## Goal of the exercise
Please return the lines below verbatim, beginning at the one that has "Flat Design Uiux" and stopping after the one that has "Cinderella's Castle: Light Up the Night", and add no other lines.
*** Opening of Records for the exercise ***
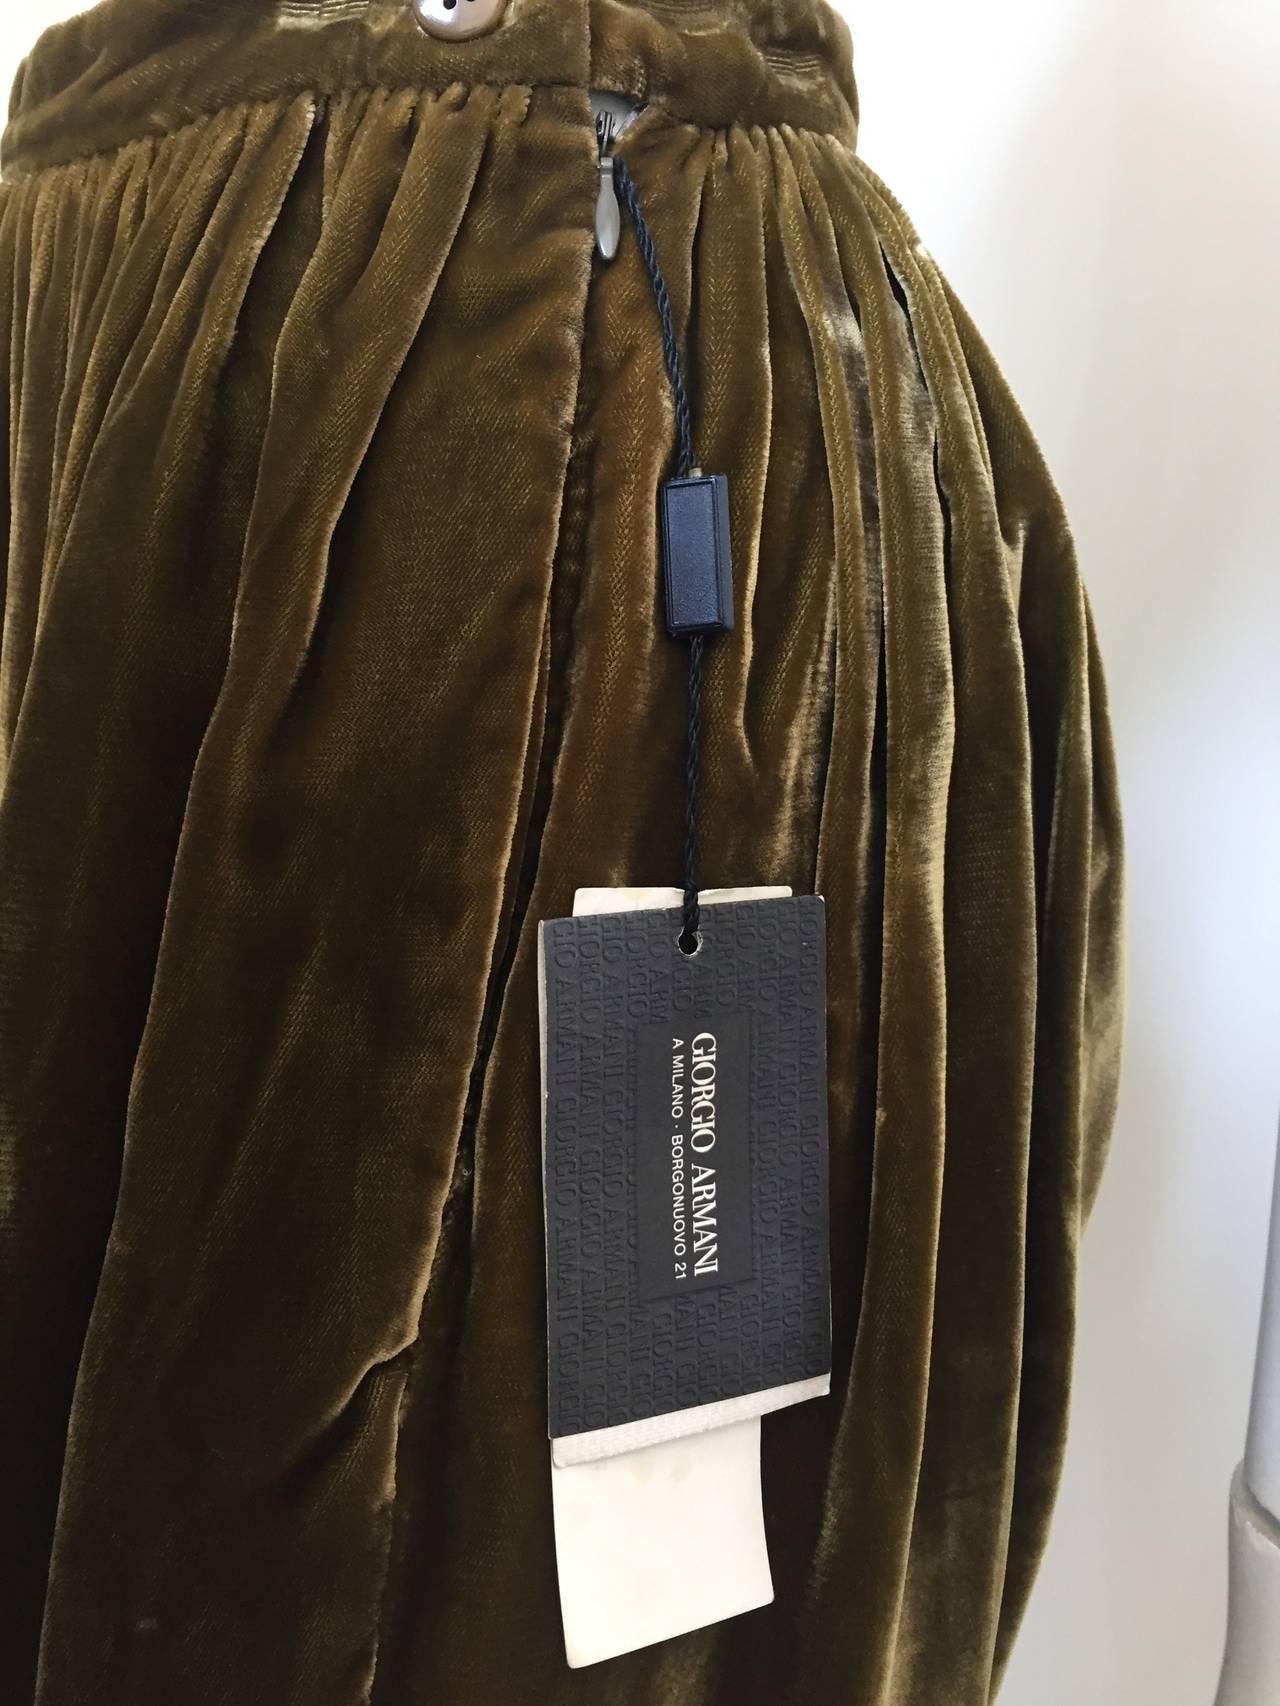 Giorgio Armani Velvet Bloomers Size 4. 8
*** Close of Records for the exercise ***
*** Opening of Records for the exercise ***
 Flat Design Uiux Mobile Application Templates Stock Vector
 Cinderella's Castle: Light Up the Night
*** Close of Records for the exercise ***
## Exercise output
 Flat Design Uiux Mobile Application Templates Stock Vector
 Cinderella's Castle: Light Up the Night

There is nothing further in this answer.